These instructions may be present in the subject kits in a variety
of forms, one or more of which may be present in the kit. One form
in which these instructions may be present is as printed
information on a suitable medium or substrate, e.g., a piece or
pieces of paper on which the information is printed, in the
packaging of the kit, in a package insert, etc. Yet another means
would be a computer readable medium, e.g., diskette, CD, etc., on
which the information has been recorded. Yet another means that may
be present is a website address which may be used via the internet
to access the information at a removed, site. Any convenient means
may be present in the kits.
[0101] The above-described analytical methods may be embodied as a
program of instructions executable by computer to perform the
different aspects of the invention. Any of the techniques described
above may be performed by means of software components loaded into
a computer or other information appliance or digital device.
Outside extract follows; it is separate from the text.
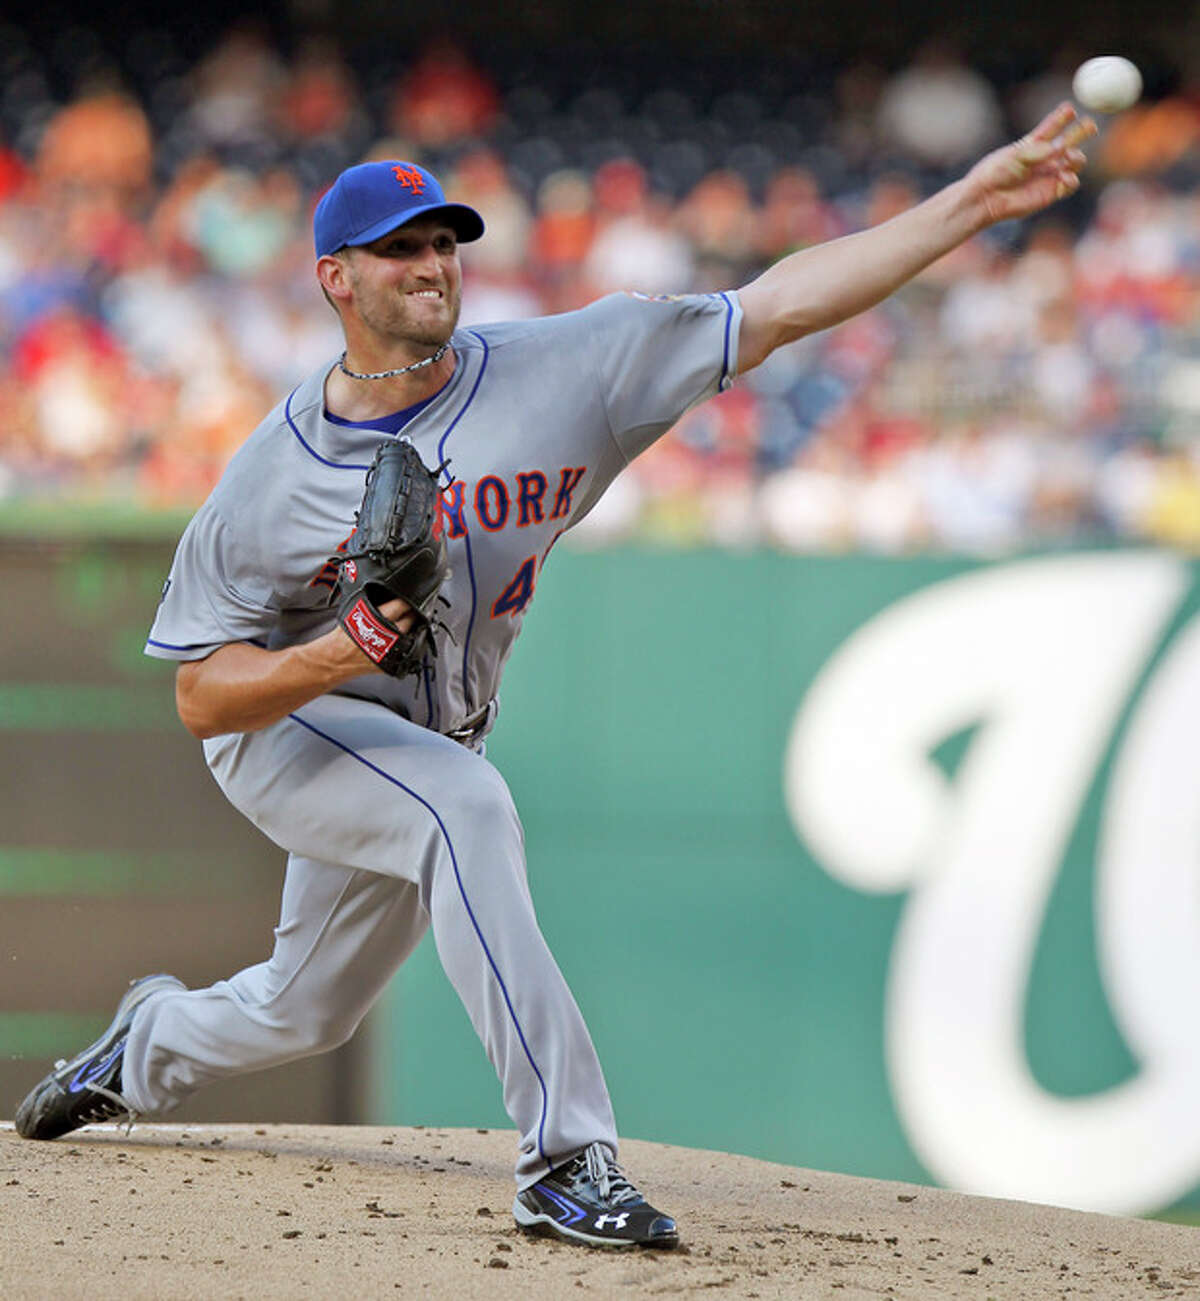 New York Mets starting pitcher Jon Niese throws during the first inning of a baseball game against the Washington Nationals on Tuesday, July 17, 2012, in Washington. (AP Photo/Alex Brandon)
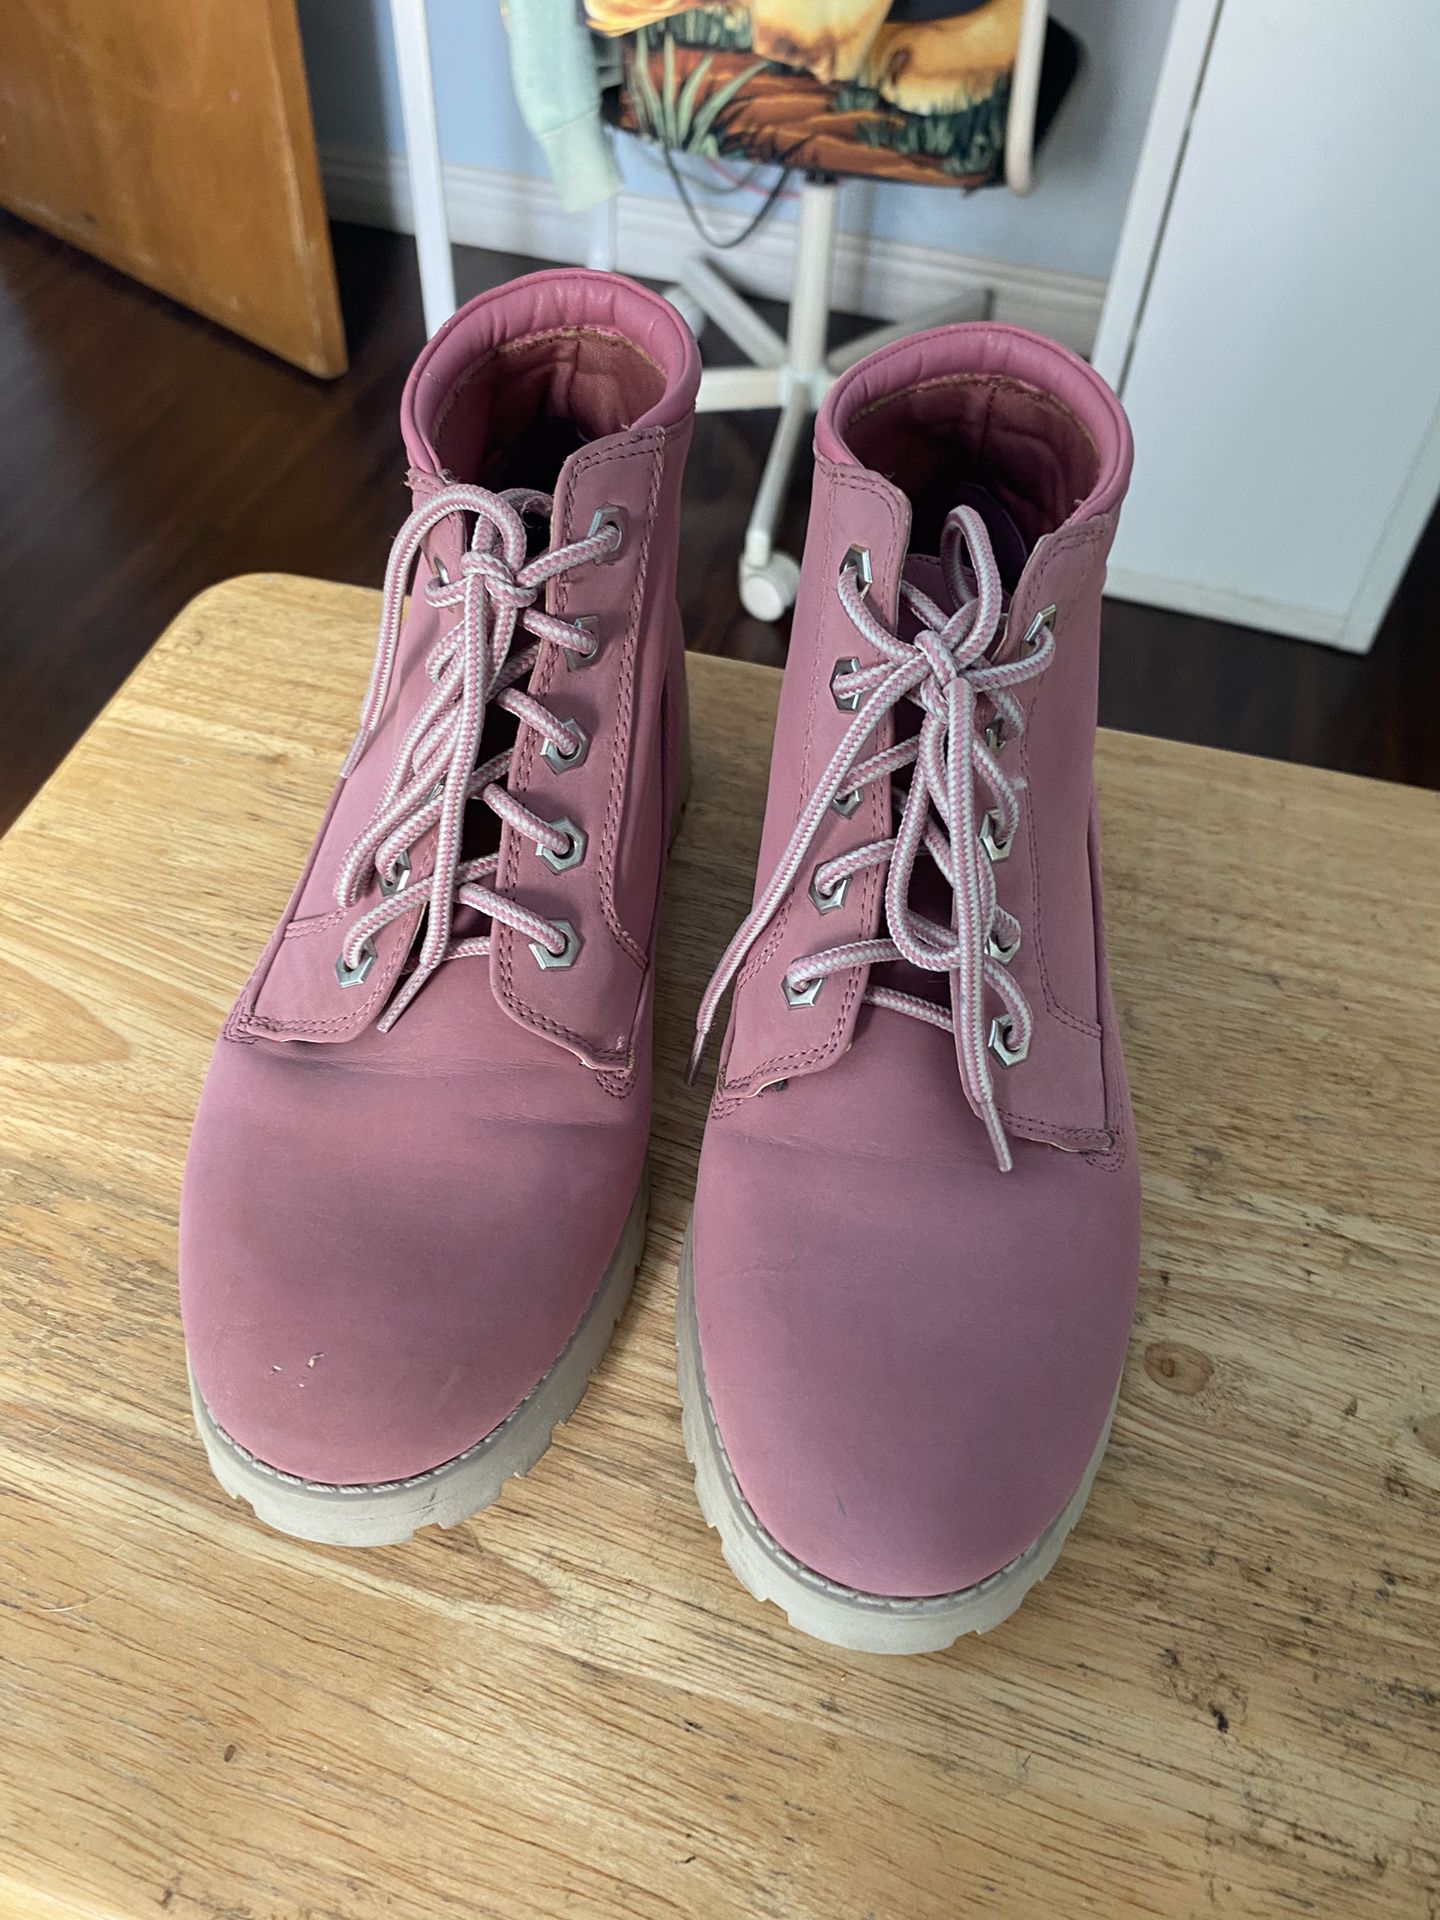 Pink Cliff boots by White Mountain

When
so enabled, the computer, appliance or device may then perform the
above-described techniques to assist the analysis of sets of values
associated with a plurality of peptides in the manner described
above, or for comparing such associated values. The software
component may be loaded from a fixed media or accessed through a
communication medium such as the internet or other type of computer
network. The above features are embodied in one or more computer
programs may be performed by one or more computers running such
programs.
[0102] Software products (or components) may be tangibly embodied
in a machine-readable medium, and comprise instructions operable to
cause one or more data processing apparatus to perform operations
comprising: a) clustering sequence data from a plurality of
immunological receptors or fragments thereof; and b) providing a
statistical analysis output on said sequence data. Also provided
herein are software products (or components) tangibly embodied in a
machine-readable medium, and that comprise instructions operable to
cause one or more data processing apparatus to perform operations
comprising: storing and analyzing sequence data.
EXAMPLES
[0103] The following examples are offered by way of illustration
and not by way of limitation.
Example 1
Mechanism for Specificity of T Cell Recognition of Peptide-MHC
[0104] In order to survey a universe of MHC-presented peptide
antigens whose numbers greatly exceed the diversity of the T cell
repertoire, T cell receptors (TCRs) are thought to be
crossreactive. However, experimentally measuring the extent of TCR
cross-reactivity has not been achieved. We developed a system to
identify MHC-presented peptide ligands by combining TCR selection
of highly diverse yeast-displayed peptide-MHC libraries with deep
sequencing. While we identified hundreds of peptides reactive with
each of five different mouse and human TCRs, the selected peptides
possessed TCR recognition motifs that bore a close resemblance to
their known antigens. This structural conservation of the TCR
interaction surface allowed us to exploit deep sequencing
information to computationally identify activating microbial and
self-ligands for human autoimmune TCRs. The mechanistic basis of
TCR cross-reactivity described here enables effective surveillance
of diverse self and foreign antigens, but without requiring
degenerate recognition of non-homologous peptides.
[0105] T cells are central to many aspects of adaptive immunity.
Each mature T cell expresses a unique .alpha..beta. T cell receptor
(TCR) that has been selected for its ability to bind to peptides
presented by major histocompatibility complex (MHC) molecules.
During the course of T cell development, survival, and effector
functions, a given TCR surveys a broad landscape of self and
foreign peptides and only responds to ligands whose engagement
exceeds certain affinity, kinetic and oligomerization thresholds.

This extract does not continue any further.